Ahmet Şık, one of the detained Cumhuriyet editors, referred to Turkey as the “biggest journalists’ prison in the world” in 2017.

The Committee to Protect Journalists agreed. In December, the group published its annual press freedom report, finding that “despite releasing some journalists in 2017, Turkey remains the world’s worst jailer for the second consecutive year, with 73 journalists behind bars, compared with 81 last year.” Cumhuriyet is just the largest on a long list of targets, and one of the few that has withstood pressure to shut down.

Reporters Without Borders, referring to the CPJ report, called Turkey’s actions against journalists that year a “witch hunt” and noted that “[some] members of the press [are] spending more than a year in prison before trial and long jail sentences [are] becoming the new norm—in some cases, journalists are sentenced to life imprisonment without the possibility of a pardon.”

“For journalists, Turkey has become a dungeon,” Hakkı Boltan, a member of the Free Journalists Association, which Turkey shut down in 2016, told Amnesty International in May. “We had 400 members when we were closed: 78 of them are now in prison. The only way this will change is if journalists around the world stand with us to build solidarity.”

Journalists are the primary targets, but far from the only ones. For a look at how Turkish prosecutors fabricate charges against people they consider threats to Erdogan that hits closer to home, one need only to turn to the events of this weekend. Andrew Brunson, an American pastor living for 26 years in Izmir, finally returned home Saturday after being arrested in 2016 for alleged ties to Gülen and Marxist Kurdistan Workers’ Party (PKK). Brunson is neither a Muslim Gülen devotee nor a Marxist Kurd and the Turkish government provided no reliable evidence alleging so to the U.S. government during his prolonged detention.
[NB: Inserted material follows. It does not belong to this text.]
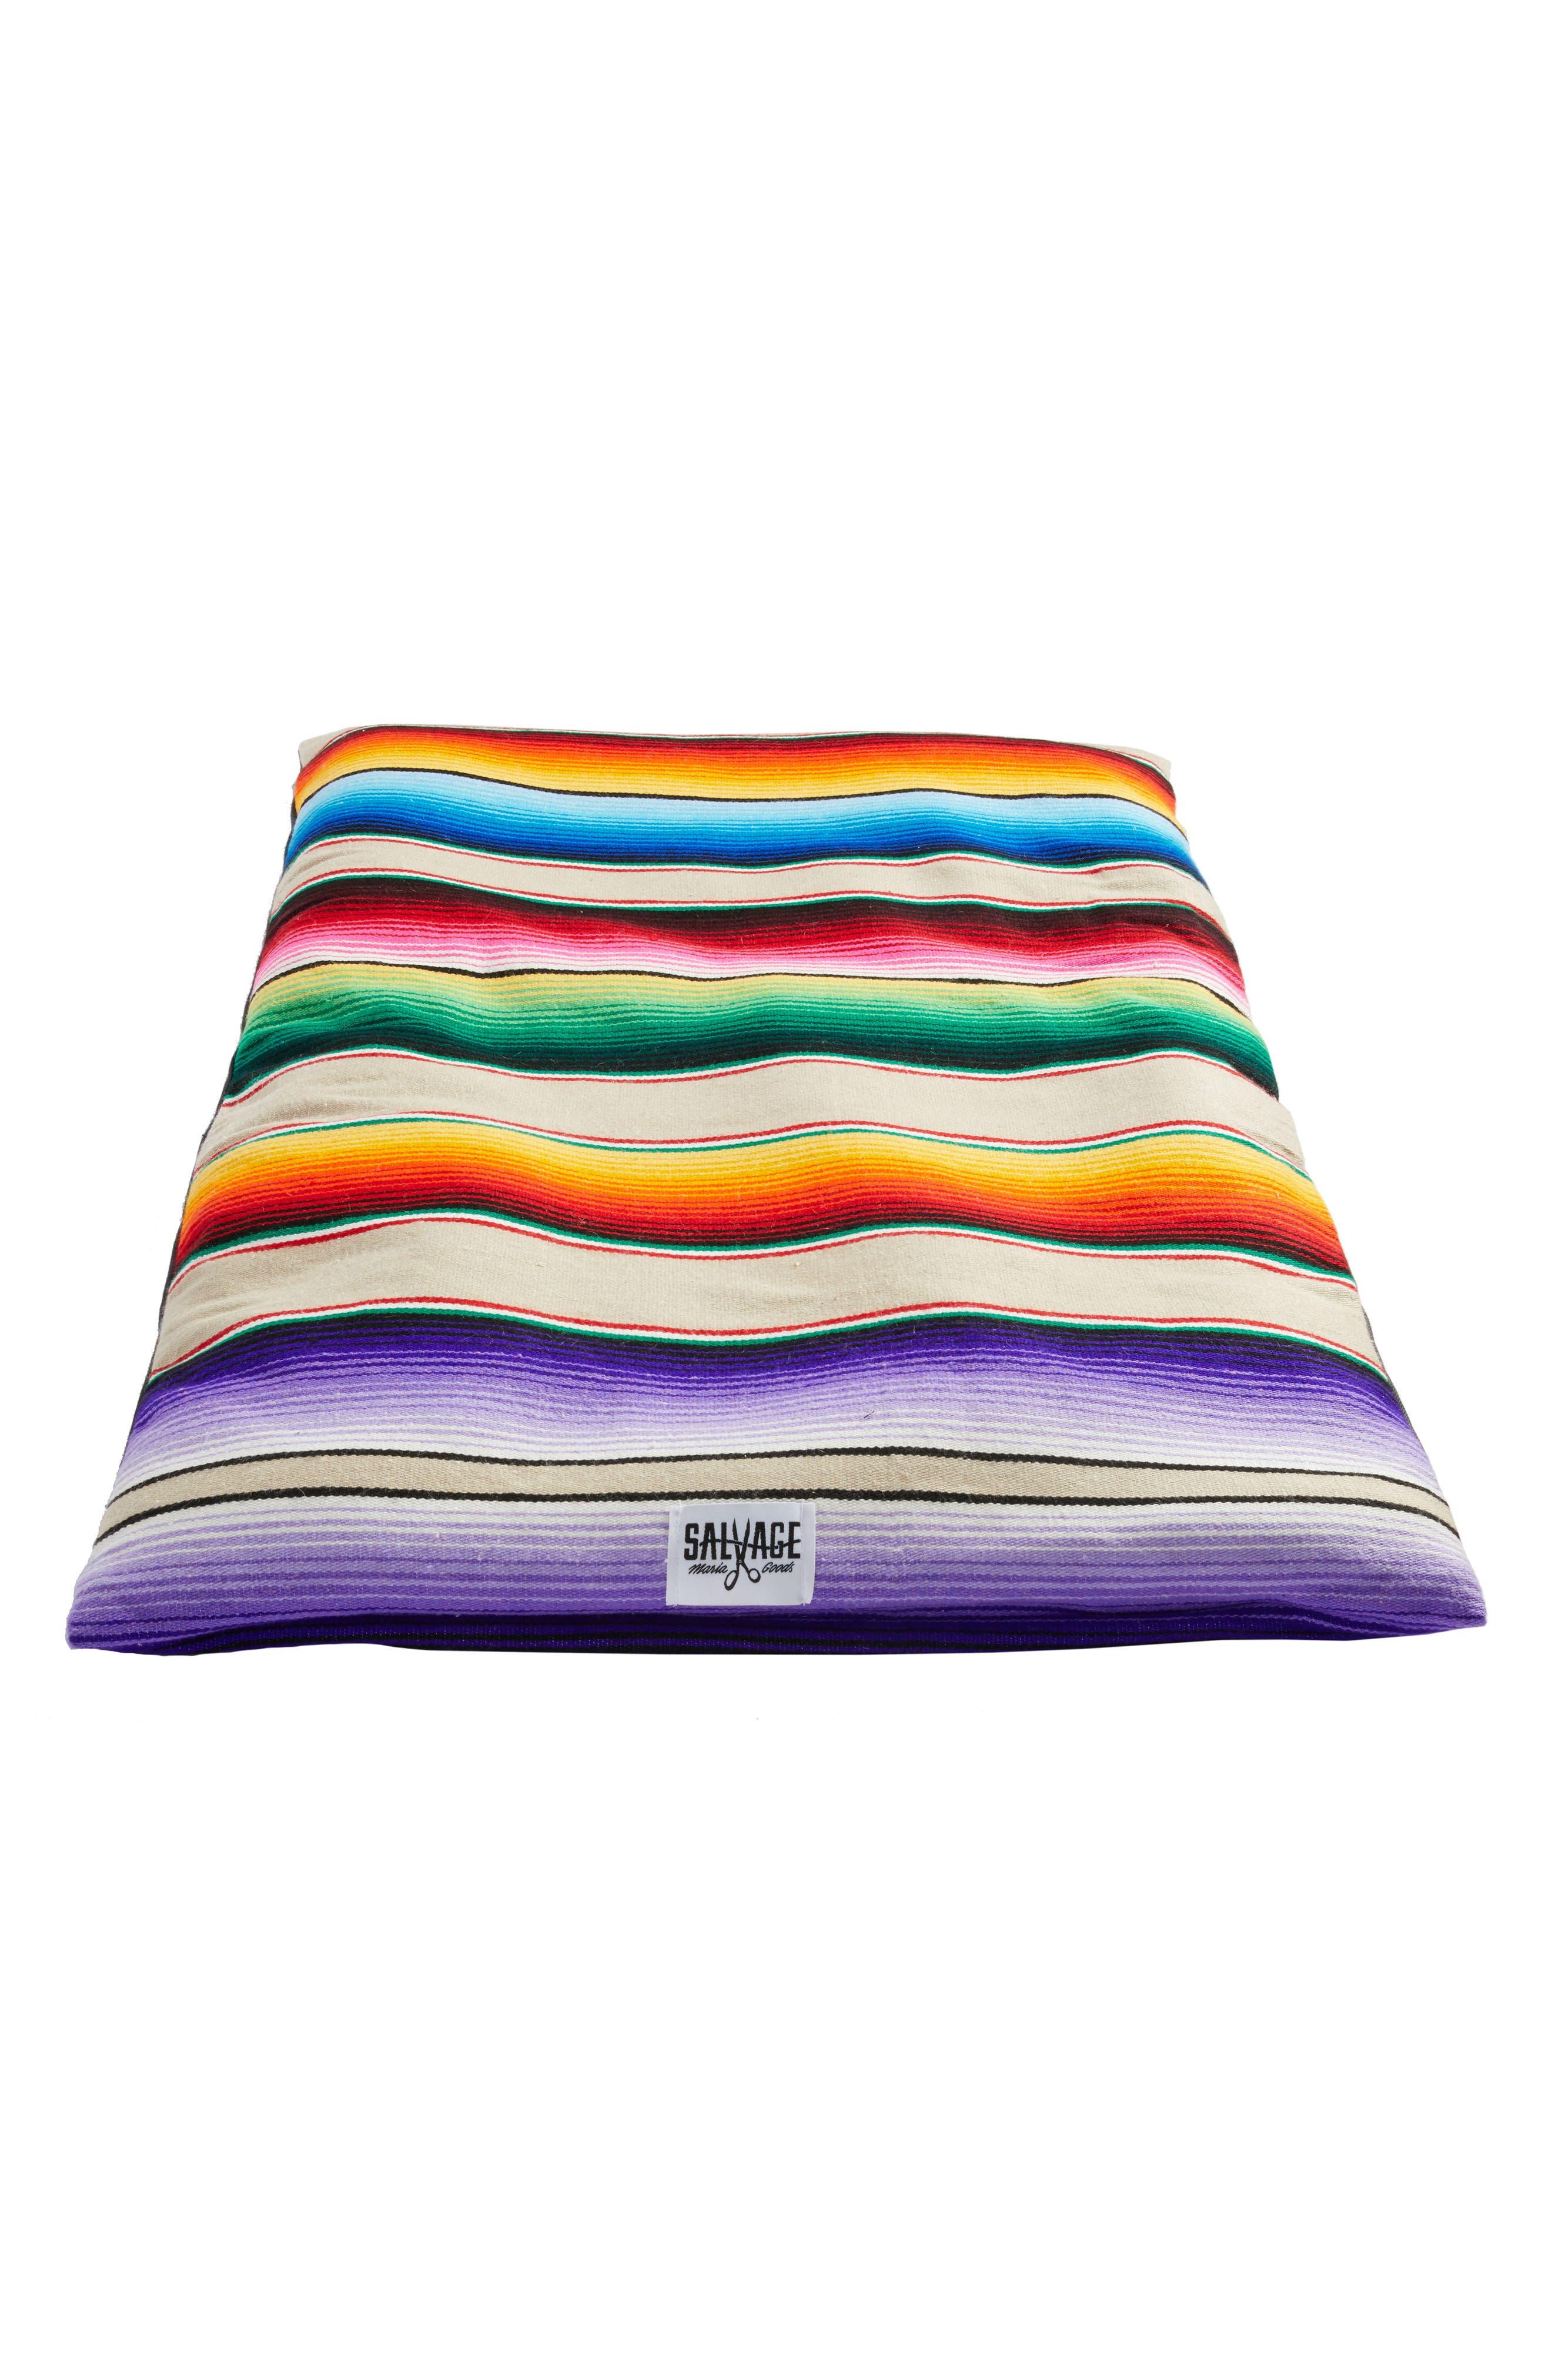 Salvage Maria Saltillo Serape Roll-Up Dog Bed

Only after an extended sanctions regime severely crippled the Turkish government did the country release Brunson, still refusing to deliver on the evidence Washington insisted was necessary to keep him behind bars.

Turkey’s tainted record as a jailer of reporters and serial law enforcement liar does not mitigate Saudi Arabia’s equally abysmal record on human rights, but to breathlessly relay anonymously sourced information out of Ankara is to delegitimize the struggle that Turkish journalists, like Khashoggi, endure in trying to work their craft at home. To trust Turkey blindly on Khashoggi is to legitimize the nonsense claims that Christian Pastor Brunson is an Islamic terrorist or that the tens of thousands of people punished in the aftermath of the coup all had a hand in a violent rebellion against Erdogan.

To trust newspaper like Yeni Safak when they claim audio recordings of Khashoggi’s murder exist without demanding proof of such is to take at face value everything else Yeni Safak reports, like claims that Mohammed Bin Salman is a member of the Mossad or that the United States orchestrated the 2016 New Year’s Eve Islamic State attack on a nightclub in Istanbul. Media outlets in the free world should be held to a higher standard of suspicion than they have shown toward Turkey this week.